Active-safety systems like automatic braking and collision avoidance minimize the chances that you’ll be seriously injured in a crash. Unfortunately, these semi-autonomous systems may not reduce your auto-insurance premium–at least, not yet.

That’s likely to come as a surprise to many of you. After all, we’ve spent a good bit of time writing about autonomous cars and the death of auto insurance. Less than a year ago, estimates suggested that self-driving vehicles could save owners up to $1,000 each year on premiums.

Semi-autonomous features aren’t likely to cut your bill nearly that much, but it would stand to reason that you’d save something, right? 

Alas, reason alone isn’t enough to get insurers to whittle down premiums: they want proof that active-safety systems reduce deaths, injuries, and vehicle damage. At the moment, however, automakers don’t have enough data to make that argument. 

The good news is, that data is starting to trickle in. Earlier this year, the Insurance Institute for Highway Safety published a study that said up to 40 percent of rear-end collisions could be avoided if all cars were equipped with automated braking. Such widespread adoption won’t happen overnight, but the U.S. government and at least 20 automakers have vowed to make such braking systems standard on new vehicles by 2022.

(FWIW, Toyota is getting a jump on that deadline: the company plans to make automatic braking standard on nearly all new Toyota and Lexus models by the end of 2017.)

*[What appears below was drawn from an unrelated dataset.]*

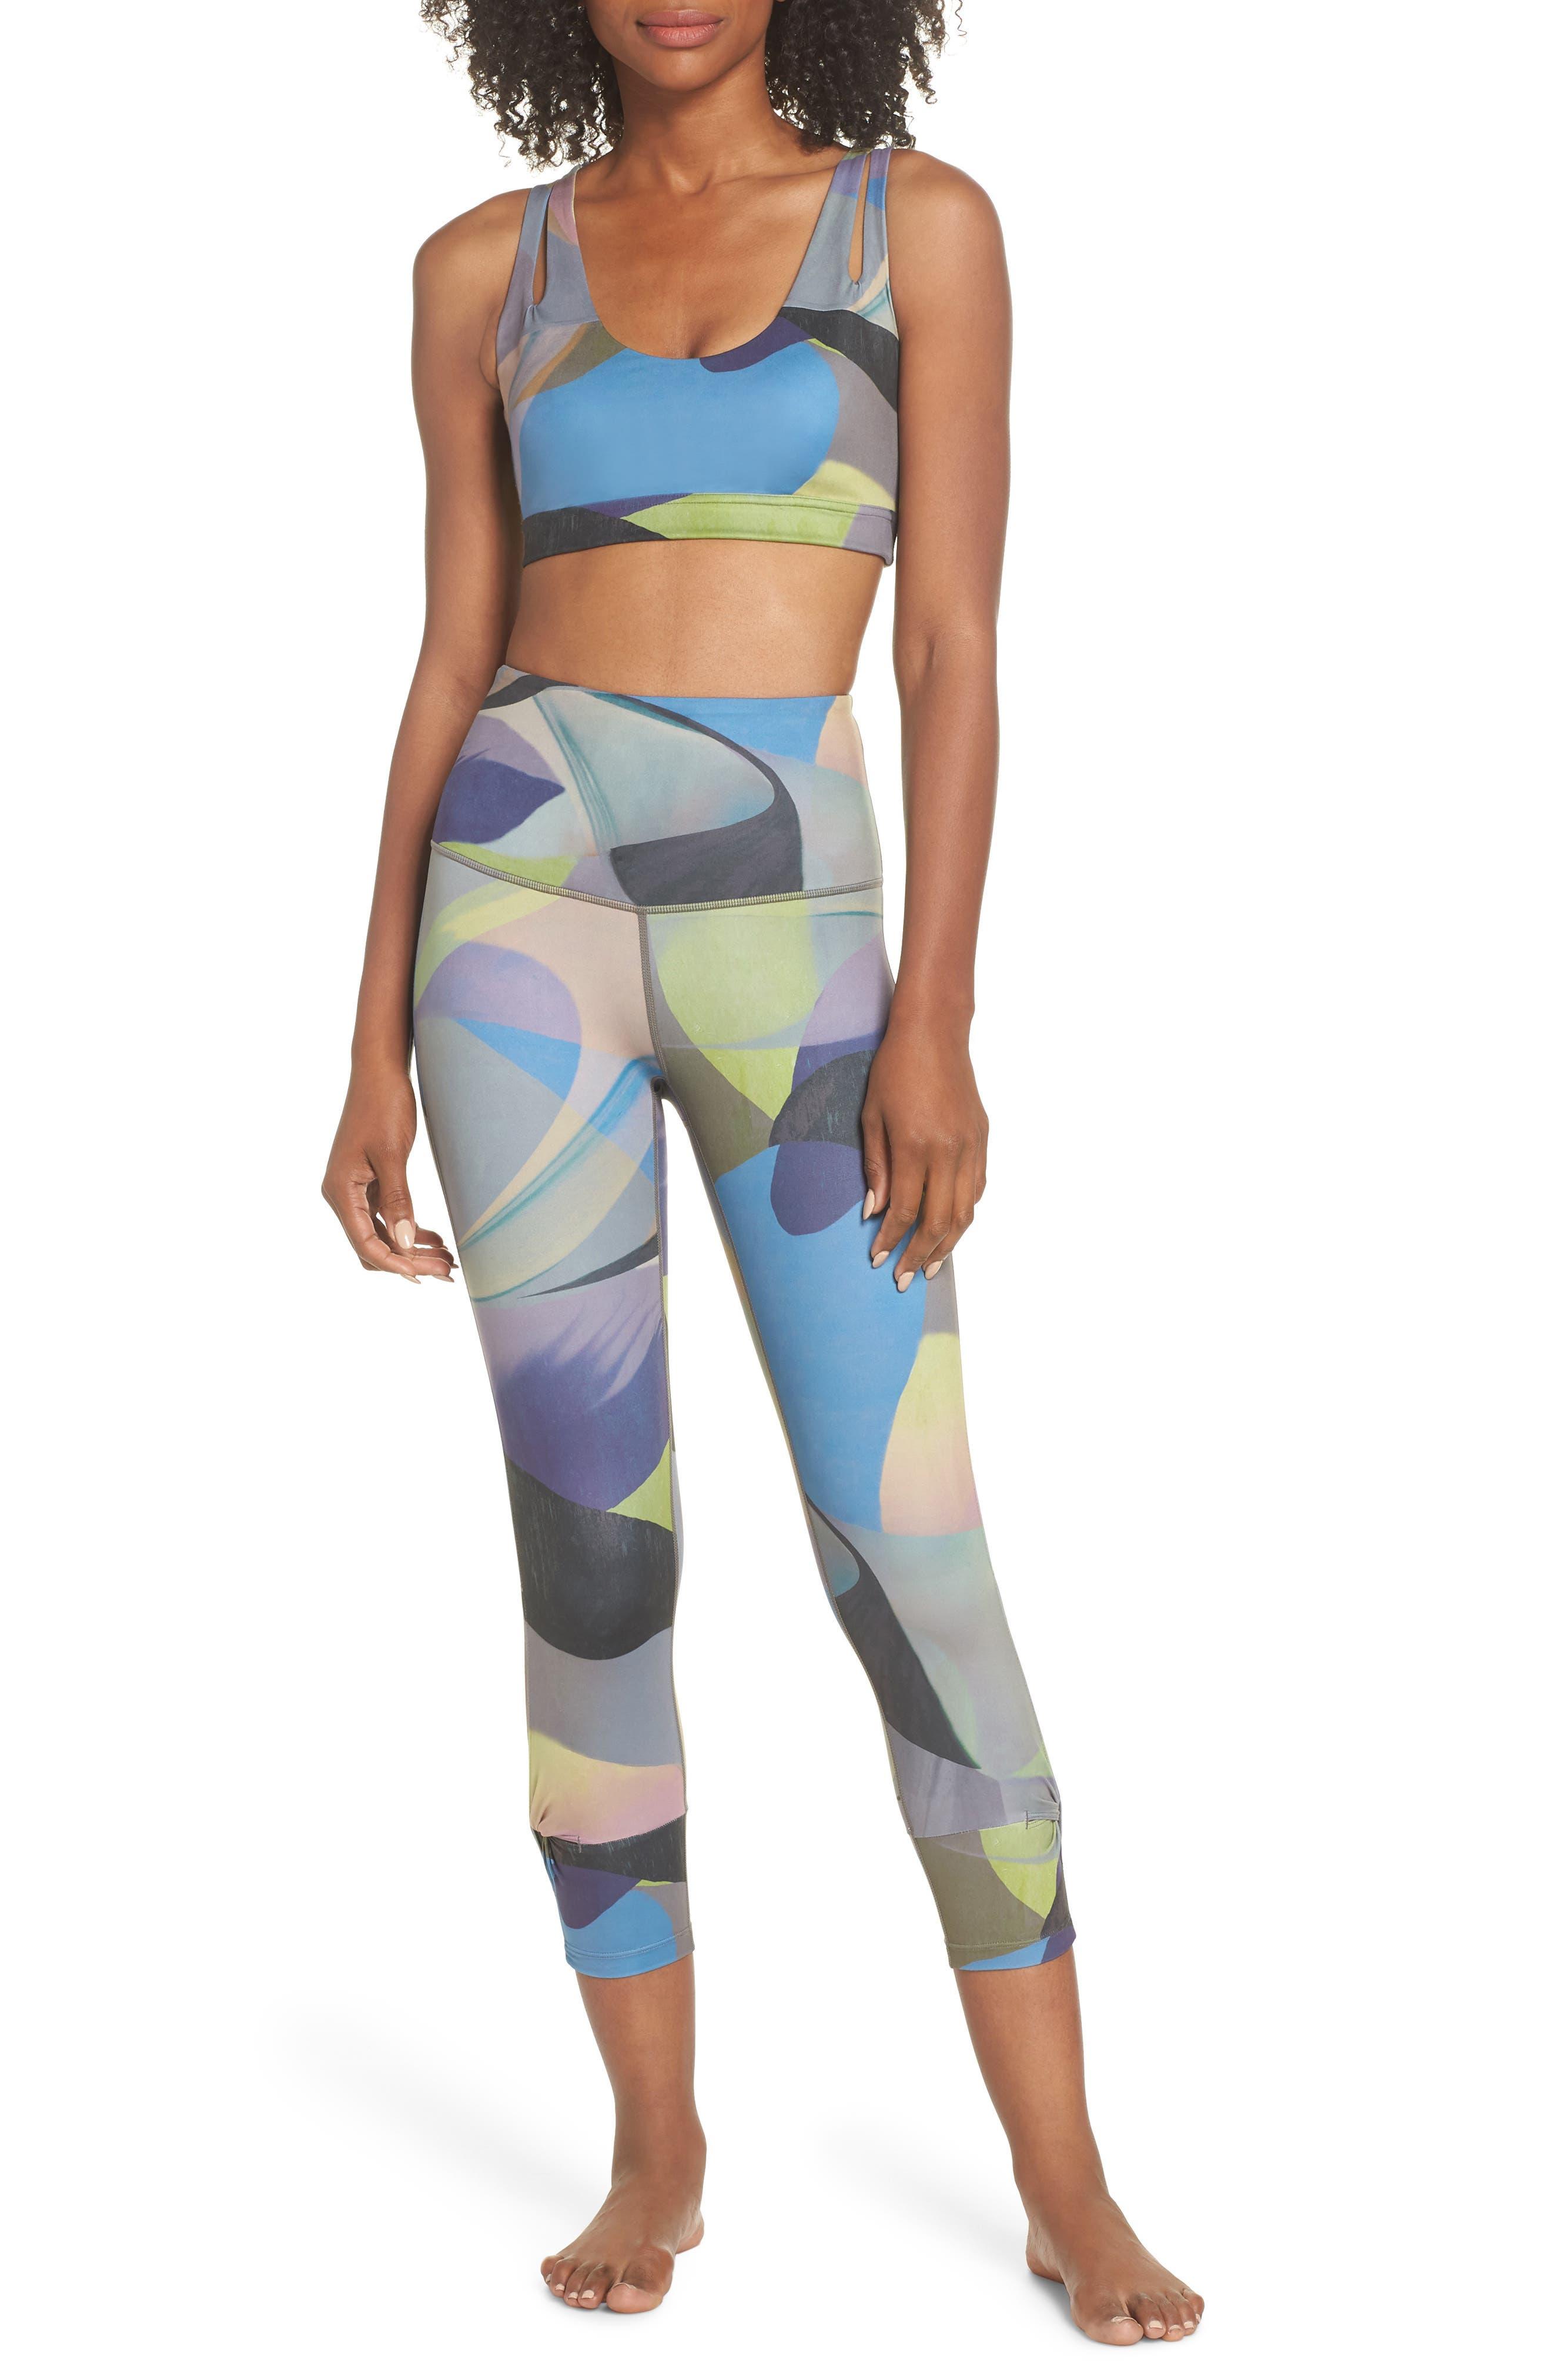 Katya High Waist Abstract Print Recycled Crop Leggings,                             Alternate thumbnail 8, color,                             GREY URBAN ABSTRACT BOTANICAL

At the moment, just two major insurers–The Hartford and Liberty Mutual–have begun cutting rates for cars equipped with semi-autonomous technology. However, the savings might not be significant enough to entice shoppers to shell out between $300 and $2,000 for active-safety technology. The Hartford’s discount saves consumers only about $30 per year on a $1,000 policy, and Liberty Mutual has declined to give estimates.

Other insurers are more cautious, assessing repair costs associated with cameras, radar, and other elements of active-safety systems. Signs suggest that they’ll eventually see the light, though.